I just found the oldest file on my computer

Named “DFIX.EXE” and last modified December ‎10, ‎1986, ‏‎1:44AM, I can’t remember what it is or what it belonged to originally, but it was probably from one of those DOS apps and games that got passed around while I was in school. Uh, yeah, this was before “filesharing” was taboo, anti-virus was hardly common and Napster didn’t exist.  The “Created date” is listed as 2001, which means it had a rather interesting journey.

This was probably copied from a much older floppy to my old Packard Bell PC (the brand no longer sells in the U.S.) that I got in the mid 90’s with the then state of the art Windows 95 as I was just entering high school. I used this PC for most of my school work, games, MP3s and surfing until graduation. It was, cue massive nostalgia, the same PC that I used to setup a small webserver and start a little community hub called Ghostnetworks.

The PC went through a Win 98 upgrade, at which point the file was probably copied over along with my entire (“gasp”) 2GB worth of “stuff” from the PCBells’ 4GB drive into my Dell Inspiron 8200 laptop with its stunning 60GB capacity. This was so I can use the PC as a dedicated server running Apache for GN. The inspiron served me well (it still works!), but was starting to lag behind on my work and it was pretty heavy at almost 8Lbs.

I didn’t carry the laptop around all that much and this file, among countless others, was long forgotten in a “backup” folder in My Documents. I then got an eMachines box (can’t remember the exact specs) in the early 2000’s on sale at our local Staples and it received the entire hard drive contents of the Dell (about 20GB worth of files “created” on the new PC) and this file too sat there for many moons.

I went through all of 2004 until I cracked open the old eMachines again and Lo and behold! Old stuff!!
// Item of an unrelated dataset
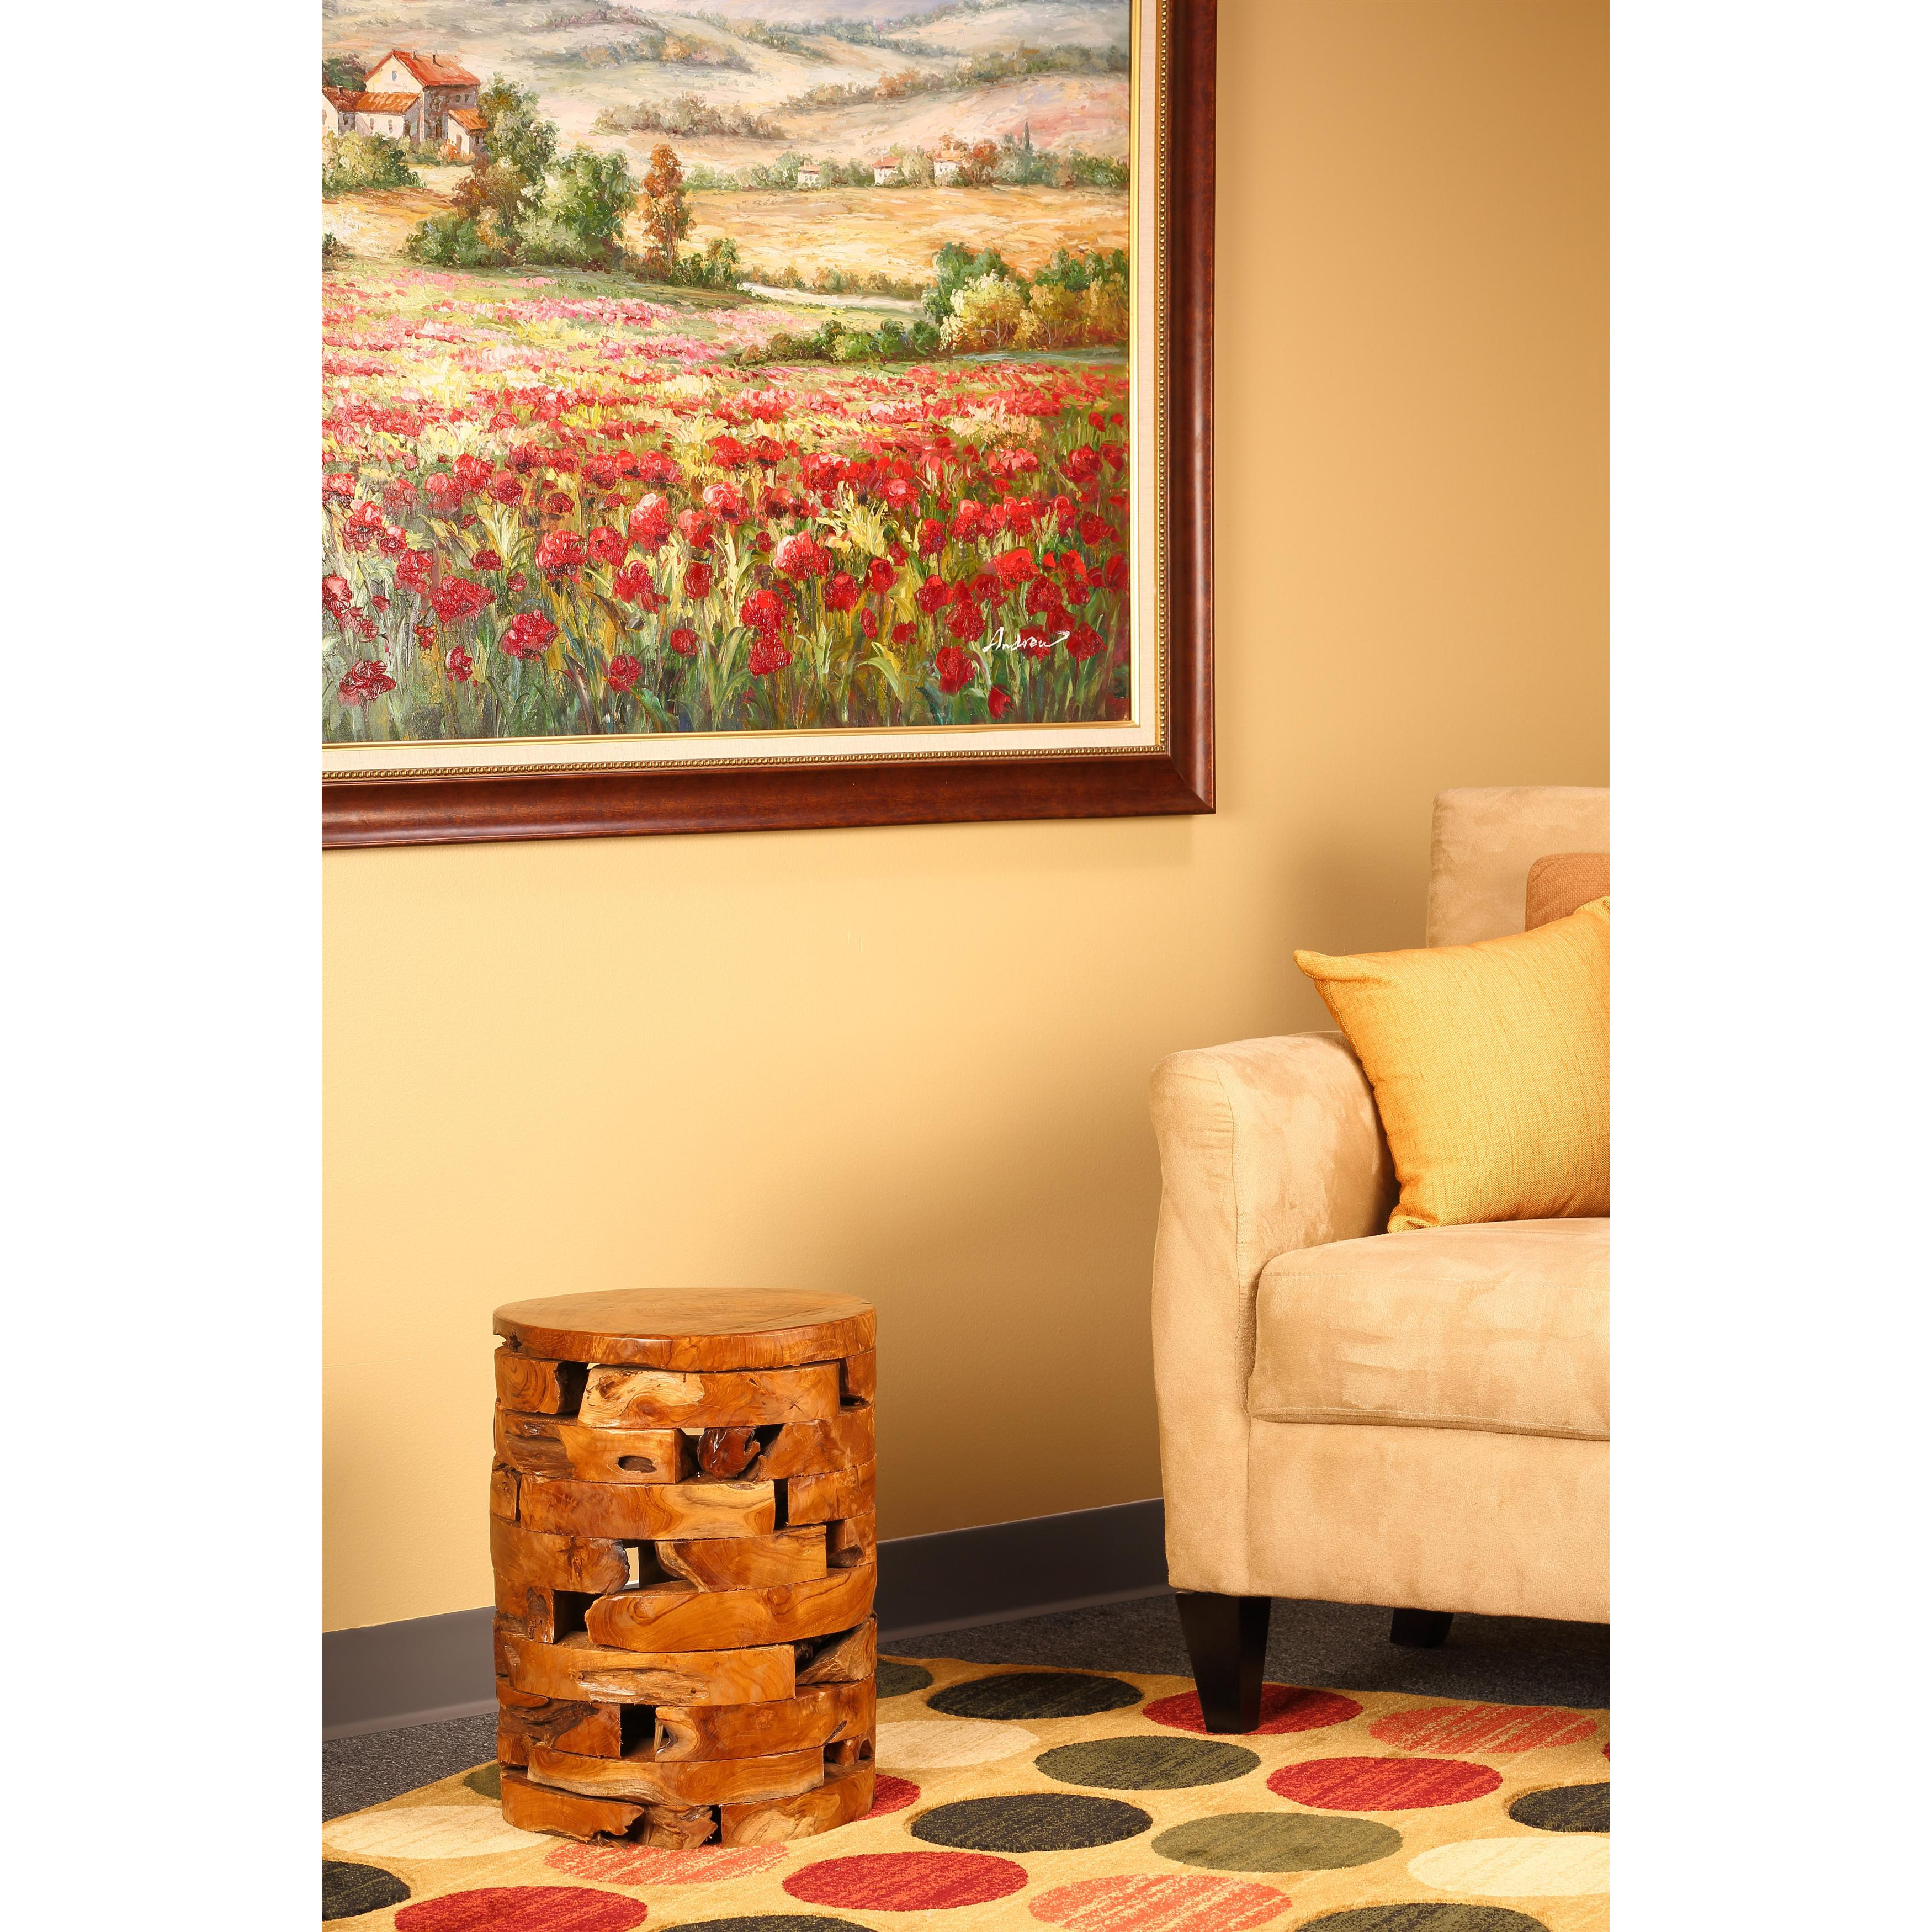 Bare Decor Stonehenge Solid Teak Wood Stump End Table - Free ...

This, along with the rest of the super massive 60GB that had accumulated on the eMachines ended up on a second custom PC and it’s 500GB drive that I got from a reseller after the DotCom bust. And there it sat again until the drive was moved to yet another custom PC and then another, until finally, after the drive started making the proverbial death clicks, it was moved to its final (maybe) resting place on a new-ish 1TB WD drive after almost 14 years. My, how far it’s travelled.

All this just goes to show how far our digital legacy has come as I’m sure for some people there are older, “proper”, documents and files that have survived to this day.

Of course, this is far from the oldest file out there. On the Internet at least, I came across a pretty old W3C document (RTF) that discusses a proto-WWW by Tim Berners-Lee. The last modified date of this document is in August of 1990.

Anyone else come across a piece of digital nostalgia?